Second-year speedster D.J. Chark must make the jump from struggling rookie to playmaker in order to keep his Fantasy prospects strong. A change in offensive scheme and quarterback should help him have a chance to put up more meaningful numbers, but he'll have to stay healthy and see an uptick in targets to truly contribute. Until that happens, he's only worth holding on to in long-term Fantasy formats. Teammates Dede Westbrook and Marqise Lee are considered safer Fantasy options.

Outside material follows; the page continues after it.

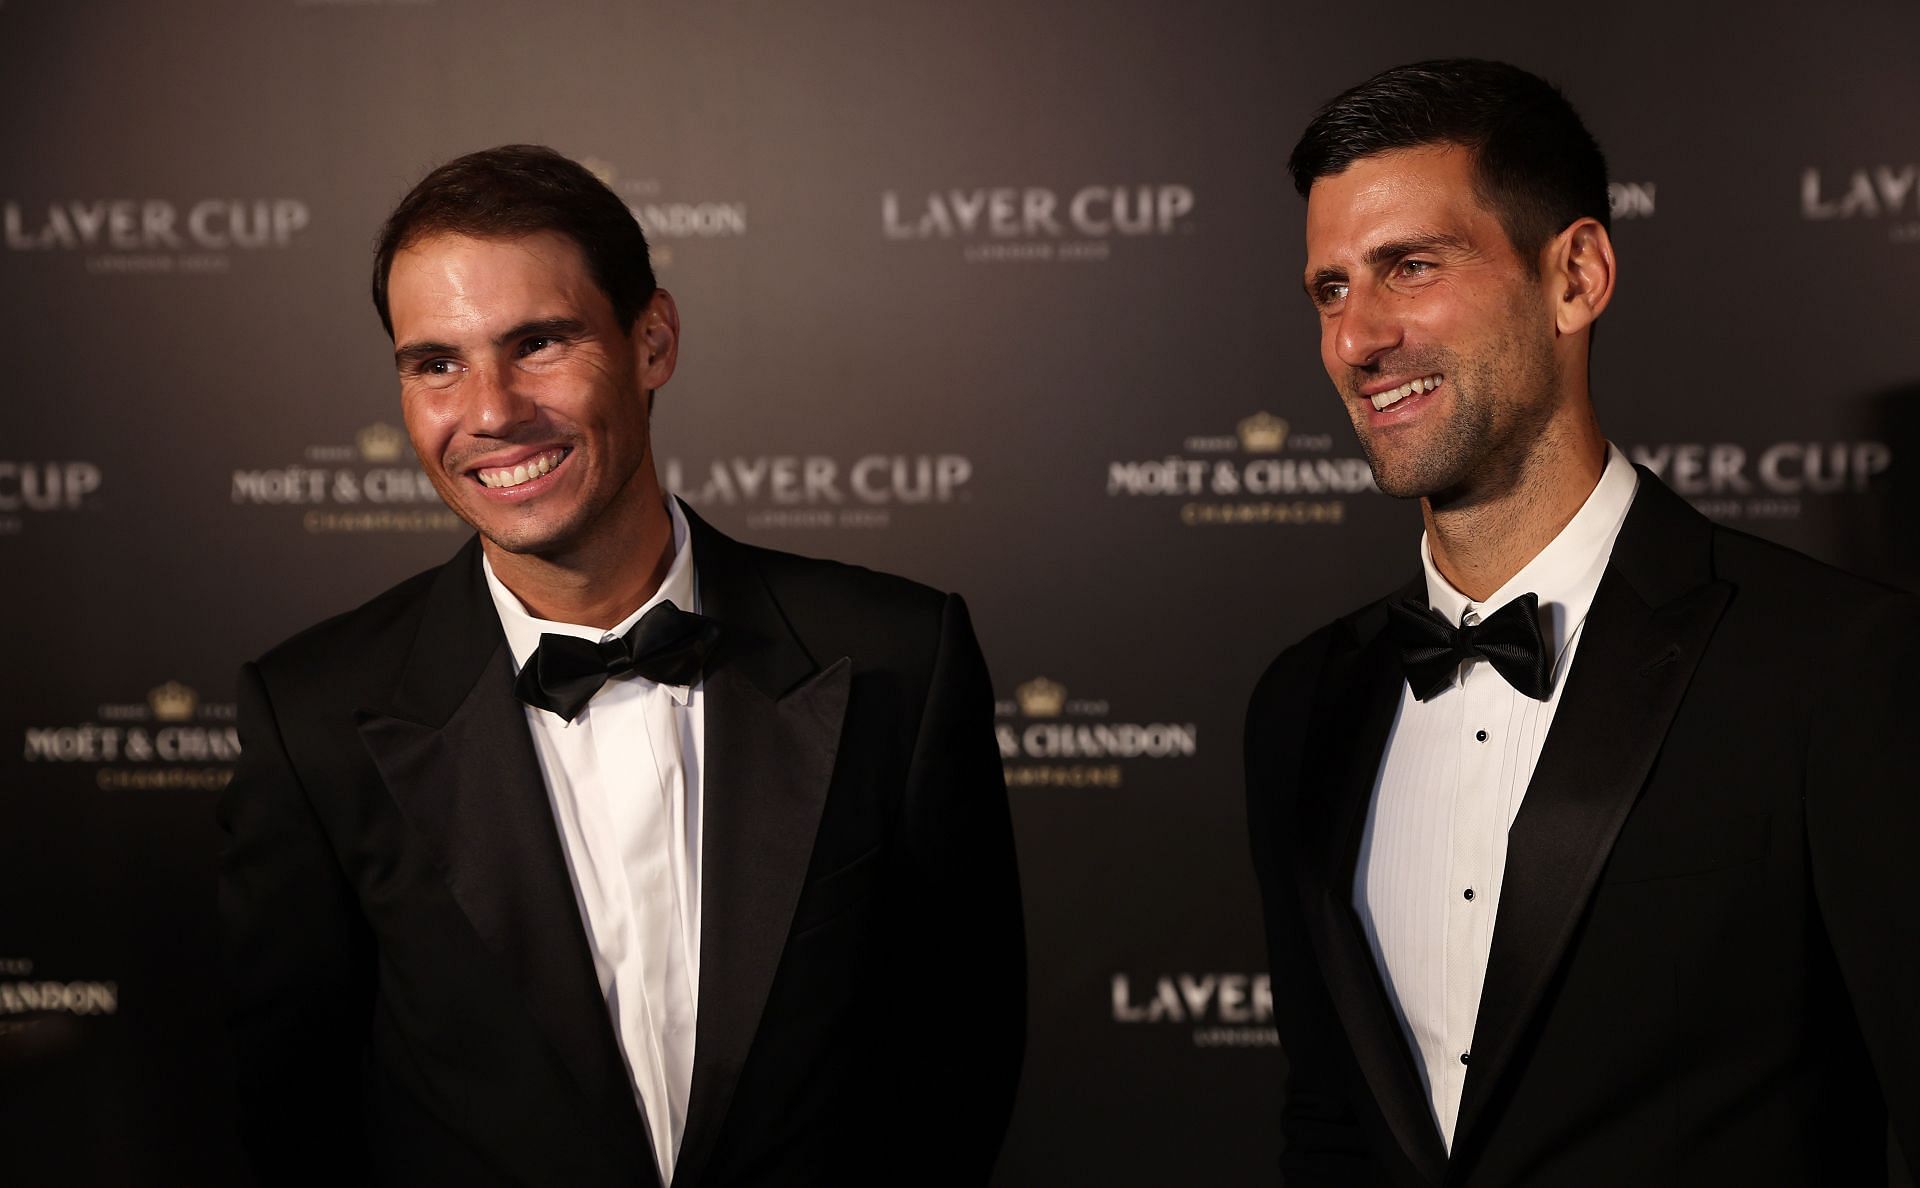 Rafael Nadal and Novak Djokovic pictured at the Laver Cup 2022

St. Brown, Equanimeous - GB

St. Brown, Equanimeous

Equanimeous St. Brown figures to be a cinch for a roster spot in Green Bay, but his playing time is up in the air. Confounding as a rookie, St. Brown had more than 55 yards in just two games yet had 15 or more yards on 12 of his 21 receptions, helping him build a quality 15.6-yard receiving average. That paired with his towering height (6-foot-5), he's got some interesting qualities that could net him a role as a deep-threat receiver and understudy to Davante Adams. It's not quite enough to make St. Brown anything more than a late-round sleeper candidate.


McCloud, Ray-Ray - BUF

McCloud, Ray-Ray

Ray-Ray McCloud will compete to be a reserve receiver for the Bills this season, but he has minimal Fantasy value in most formats. Buffalo's top receivers will be John Brown, Cole Beasley, Robert Foster and Zay Jones, so McCLoud will have a hard time making plays in this offense. Keep an eye on his role in training camp, but he should not be drafted in most leagues this year.


Foster, Robert - BUF

Foster, Robert

Robert Foster should be among the top four receivers for the Bills this season, but it's unknown where he'll be on the depth chart heading into training camp. The additions of John Brown and Cole Beasley could push Foster to No. 4 behind Zay Jones as well, or Foster could emerge as the No. 1 target for Josh Allen. We need to see how Buffalo decides to use all of its receivers and where Foster slots in on the depth chart, but he played well to close last season with at least 12 PPR points in three of his final four games. He's worth a late-round pick in all leagues on Draft Day this year.


Coutee, Keke - HOU

Coutee, Keke

Keke Coutee emerged as the Texans' best slot receiver last year and should be right back in there this year. On the field for only seven games as a rookie because of hamstring issues, Coutee regularly was a short-area target for Deshaun Watson (only five deep targets on the year including playoffs). Four of his seven games saw him get at least seven targets, resulting in at least 12 PPR points in each and 17 PPR points in three of them. Coutee has good PPR potential right away, but if injuries force Coutee into a larger role, he could become a weekly Fantasy starter (even in non-PPR formats). Round 9 is not too early to spend on Coutee in full PPR, but wait until at least late Round 10 to get him if catches don't count.


Cain, Deon - IND

Cain, Deon

Deon Cain is aiming for a roster spot, and potentially some decent playing time. The second-year receiver dazzled in training camp before tearing his ACL in his first preseason game. For now, he's someone to hold on to in long-term leagues, but if he has another good camp and preseason, we could see Cain push for meaningful snaps. At that point, he might be worth adding in deeper seasonal leagues.


Kirk, Christian - ARI

Kirk, Christian

At Larry Fitzgerald's age (36 in August), there's an excellent chance Kirk is the No. 1 receiver for the Arizona Cardinals in 2019. This should be a much-improved offense that is forced to throw the ball a lot because of game scripts. Also, that's probably the way Kliff Kingsbury wants to run his offense anyway. There's legitimate 130-target upside with Kirk. Larry Fitzgerald is still there, and he's now joined by both Hakeem Butler and Andy Isabella. With those three and David Johnson in the mix, Kirk could be fighting for Fantasy relevance, much less a No. 1 role.